9E analysis of a flat plate solar collector system implementation: A new approach based on digital twin model coupled with global sensitivity analysis and multi-objective optimization

Abstract

Flat plate solar collectors are technology with the most solar thermal energy field applications, and different studies based on artificial intelligence have been used to model these systems. This research study presents a 9E analysis based on a digital twin model coupled with global sensitivity analysis and multi-objective optimization of a solar system integrated with an array of flat plate solar collectors to satisfy residential hot water demand that represents a case study with different applications. A model based on artificial neural networks was trained, and a global sensitivity analysis using the Sobol method and a multi-objective optimization study using a genetic algorithm were also implemented.
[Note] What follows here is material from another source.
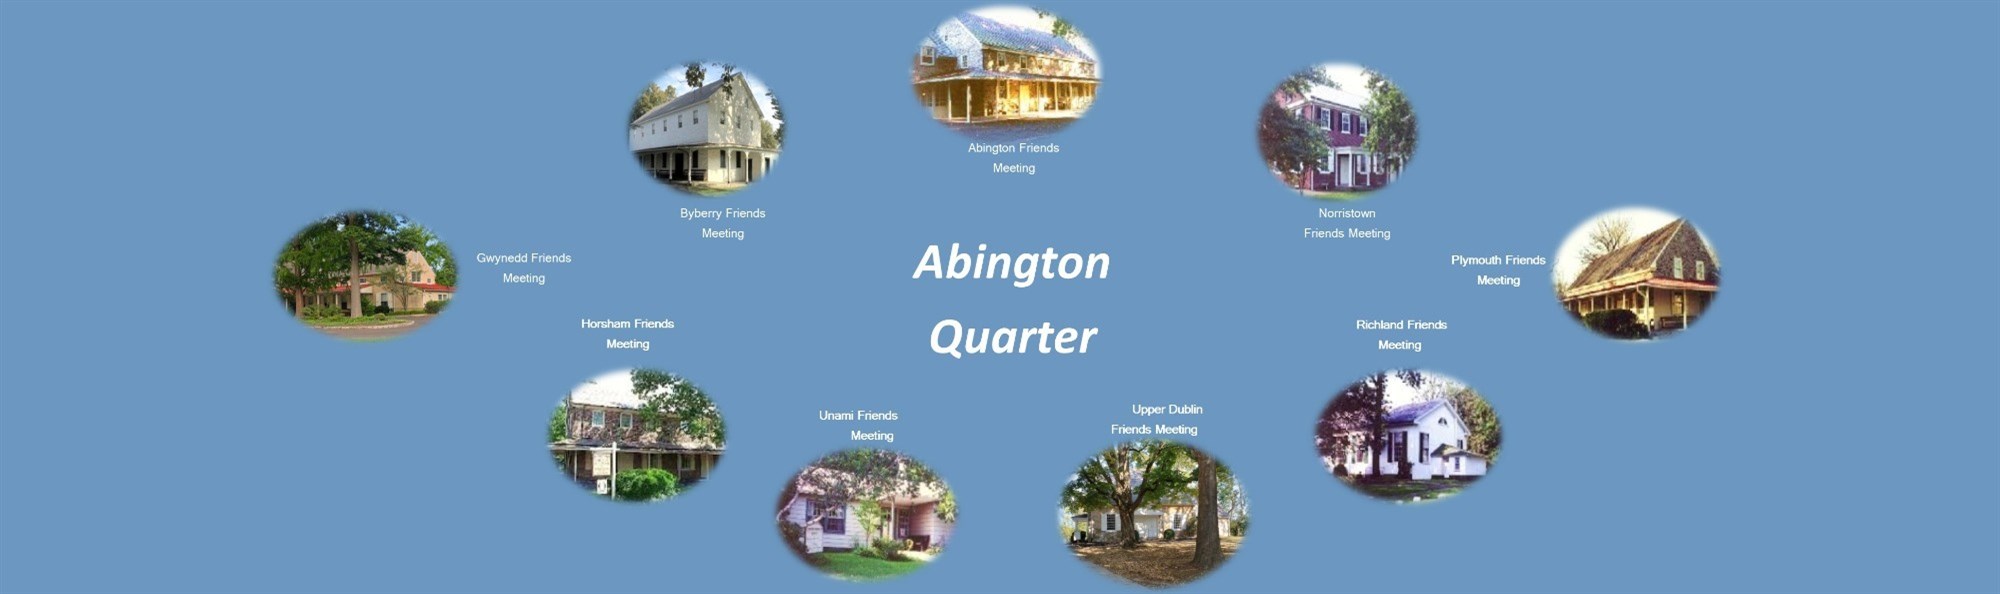 Meetings of Abington Quarter
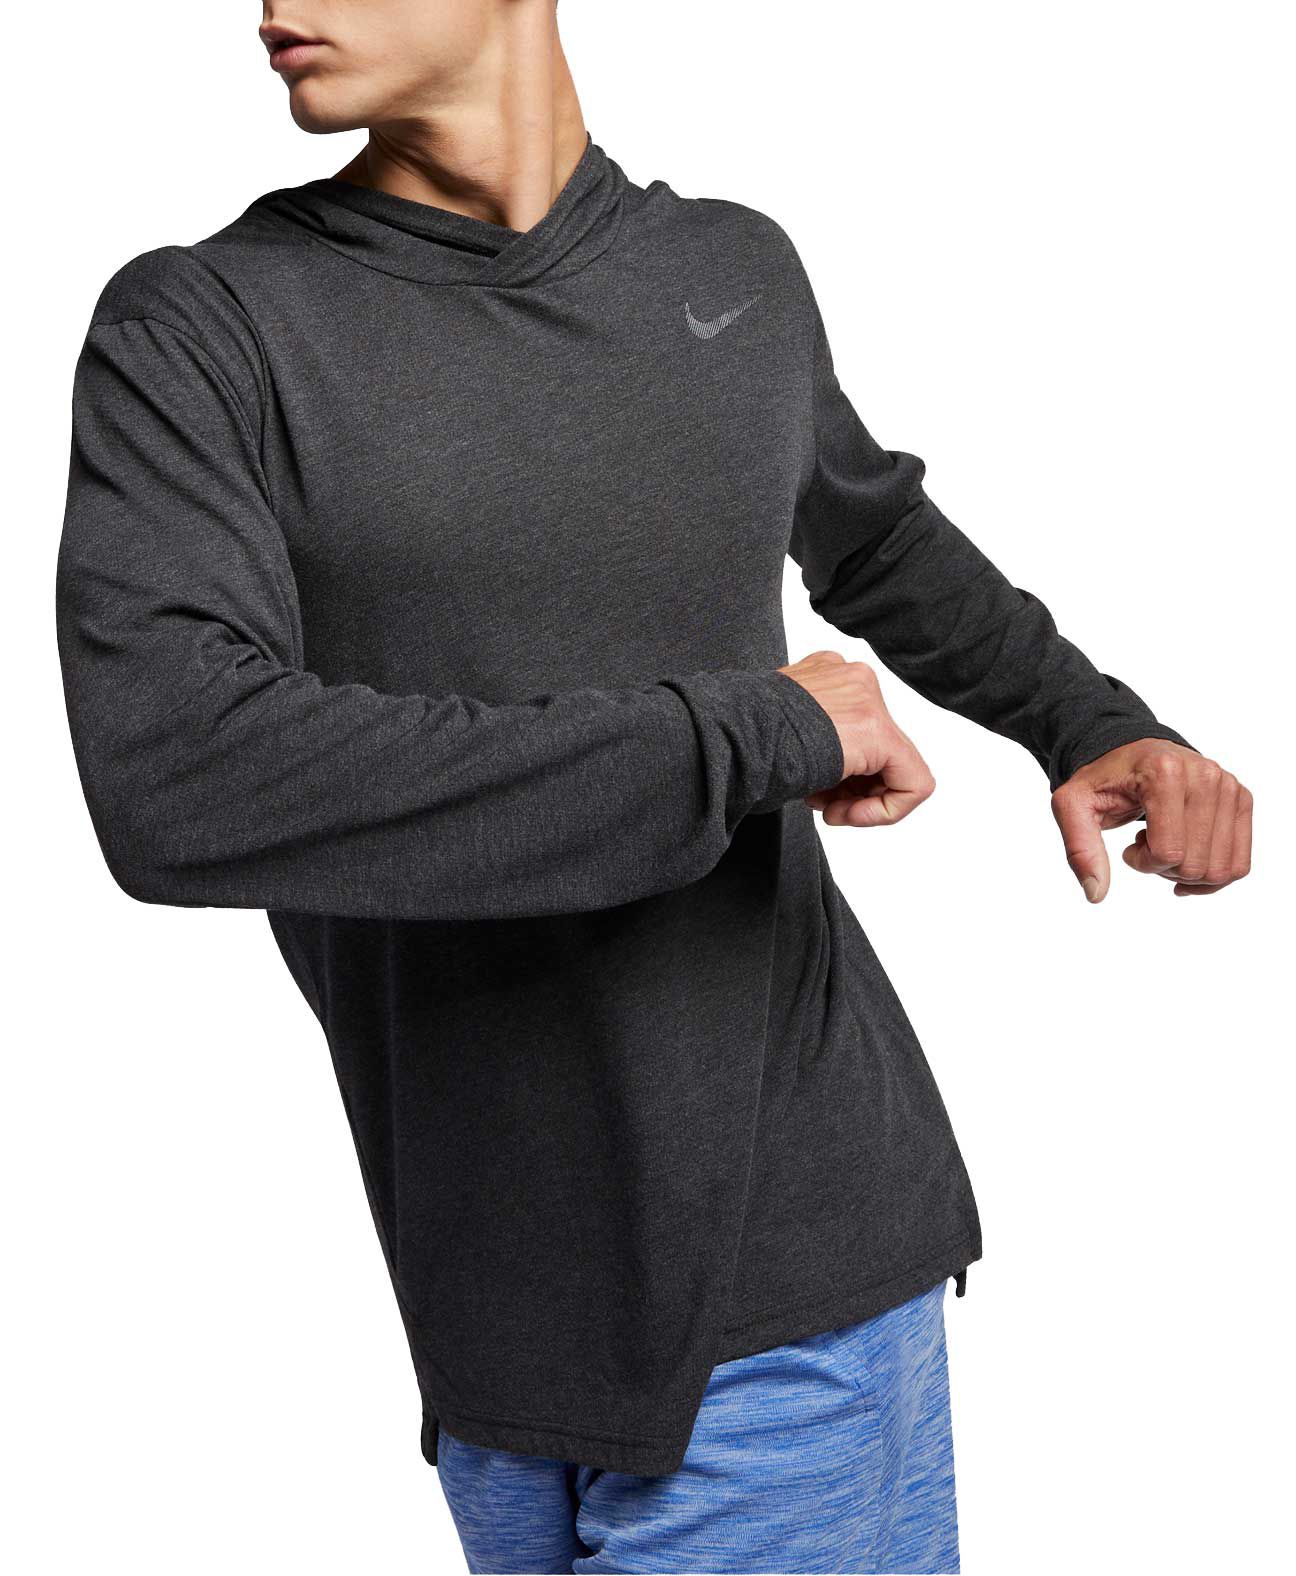 Nike Men's Hyper Dry Hooded Long Sleeve Shirt (Regular and Big & Tall) - .97 - .97

The main outcomes revealed that the digital twin model presented a high correlation above 0.99, and the 9E analysis reported a maximum value of 25.18% for thermal efficiency and 0.266% for exergetic efficiency. Also, a value of 1798.5 kgCO2/year was obtained for the amount of CO2 mitigated, $1342.9 USD for net present value, $0.0104 USD/kWh for levelized cost of energy, and 92.62, 0.519 kgCO2/year, $3.43, $1.34, and $0.00752 USD/year for energoenvironmental, exergoenvironmental, enviroeconomic energoenviroeconomic, and exergoenviroeconomic indicators, respectively. The methodology and the 9E analysis results provide a comprehensive approach that determines the optimal choice by analyzing the system's viability with different assessments and goes beyond the conventional analyses currently presented in the literature as it shows an untapped market potential for the best decision-making.